An Exploration of Factors Influencing Crappie Early Life History in Three Alabama Impoundments
Russell A. Dubuc , Dennis R. DeVries Transactions of the American Fisheries Society
2002 American Fisheries Society

Although black crappie Pomoxis nigromaculatus and white crappie P. annularis represent important sport fisheries in North America, we still know little about what influences their variable recruitment. Several abiotic (e.g., water level fluctuations) and biotic (e.g., prey abundance and size structure) factors have been suggested as important to crappie recruitment, but results have not been consistent among studies. We quantified adult characteristics, larval abundance, growth, diet, and postlarval juvenile abundance of crappies in three Alabama impoundments to determine factors consistently affecting crappie life stages across systems. Although adult condition (relative weight, Wr), fecundity, egg diameter, gonadosomatic index, and ovary weight differed among the three impoundments, the differences were not consistent with among‐lake differences in chlorophyll‐a concentration. Larval density was highest in the least productive system (Lake Martin), and larval production was not related to either adult condition or fecundity. Diet analysis indicated that larvae 4‐14 mm in total length strongly selected the smallest prey available in all lakes but that larvae in Lake Martin consumed greater numbers and a higher biomass of crustacean zooplankton than those in Weiss and Jones Bluff lakes, probably because of the higher density of large zooplankton in Lake Martin. Despite the generally earlier presence in spring of crappie larvae in Lake Martin during both years, age‐0 crappies in that lake were not larger than those in the other two lakes in summer. This is probably attributable to cooler early‐spring water temperatures in Lake Martin. The catch of postlarval juvenile crappies was higher in the more productive lakes than in Lake Martin. Collectively, our results were not consistent with our expectation that lake productivity would positively influence the density of both zooplankton and age‐0 crappies. The lack of a positive relationship between larval crappie density and system productivity or zooplankton size was an unexpected result that is probably important to the early life survival and eventual recruitment of crappies and that warrants further investigation.

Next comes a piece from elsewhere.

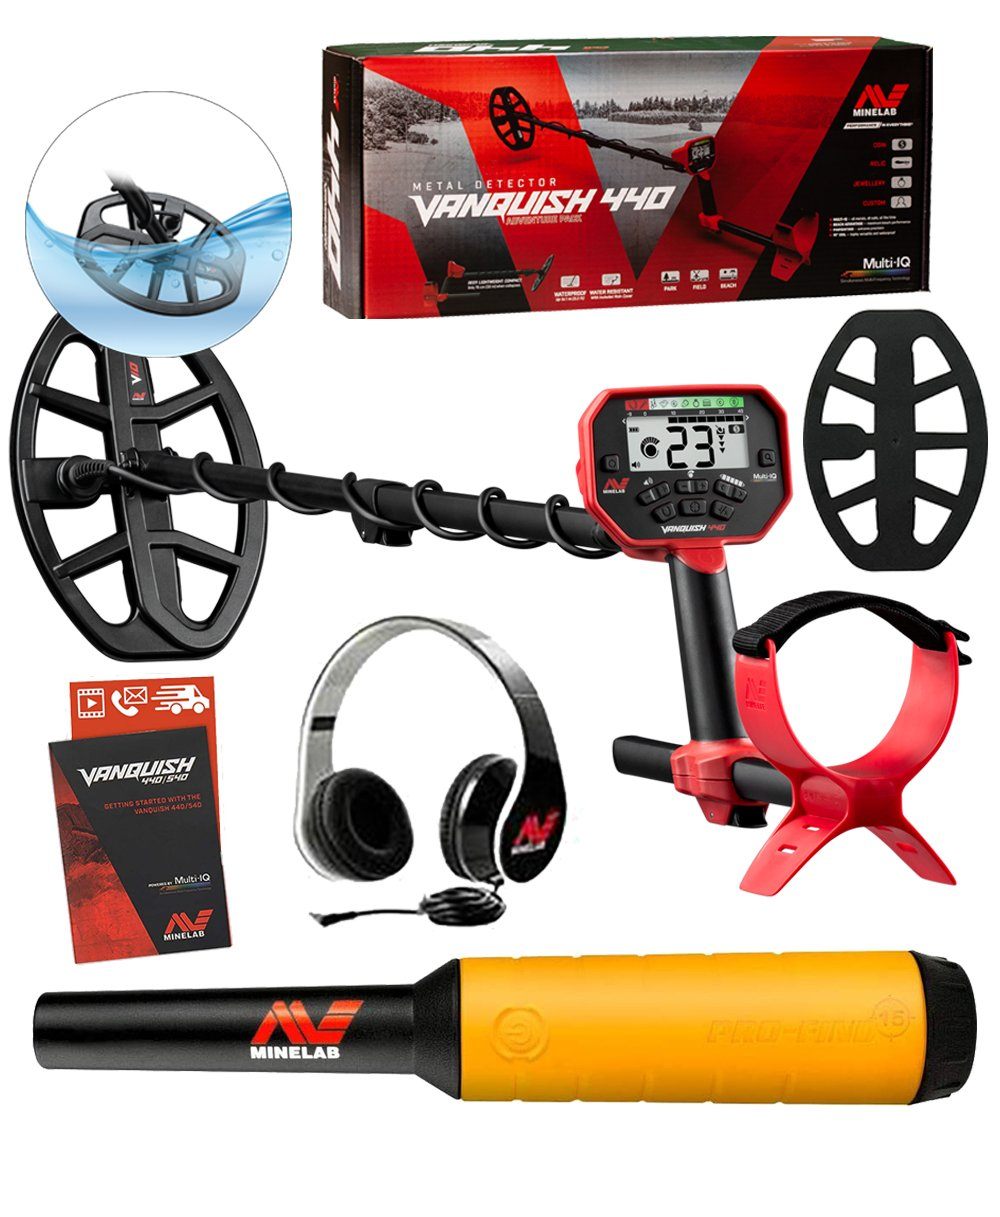 Minelab Vanquis 440 metal detector, Pro-Find pinpointer, headphones, coil cover, and quick start guides.,

However, little is known about factors affecting early life and eventual recruitment of white crappie Pomoxis annularis and black crappie P. nigromaculatus, despite their importance as sport fishes. Because crappie populations typically undergo cyclic and variable recruitment (Swingle and Swingle 1967; Allen and Miranda 2001), identifying mechanisms influencing year‐class strength is desirable.
Clearly, production of eggs and survival of larvae are important in determining year‐class strength (Siefert 1968). Density‐dependent reproductive potential (i.e., increased fecundity and increased larval fish production at low adult density) has been suggested as important for renewing crappie populations during periods of reduced adult density, as might occur with heavy exploitation (Jensen 1971; Healey 1978; Mathur et al. 1979; see also Allen and Miranda [2001] concerning the influence of environmental factors on density‐dependent recruitment in crappies). In addition, abiotic factors may influence the spawning activity and early life survival of crappies (Jenkins 1955; Goodson 1966; Mathur et al. 1979; Mitzner 1984). Increased water levels, both before and during spawning, may provide more favorable conditions for crappie reproduction by increasing the coverage of vegetated areas, which are preferred as spawning habitat (Hansen 1965; Beam 1983).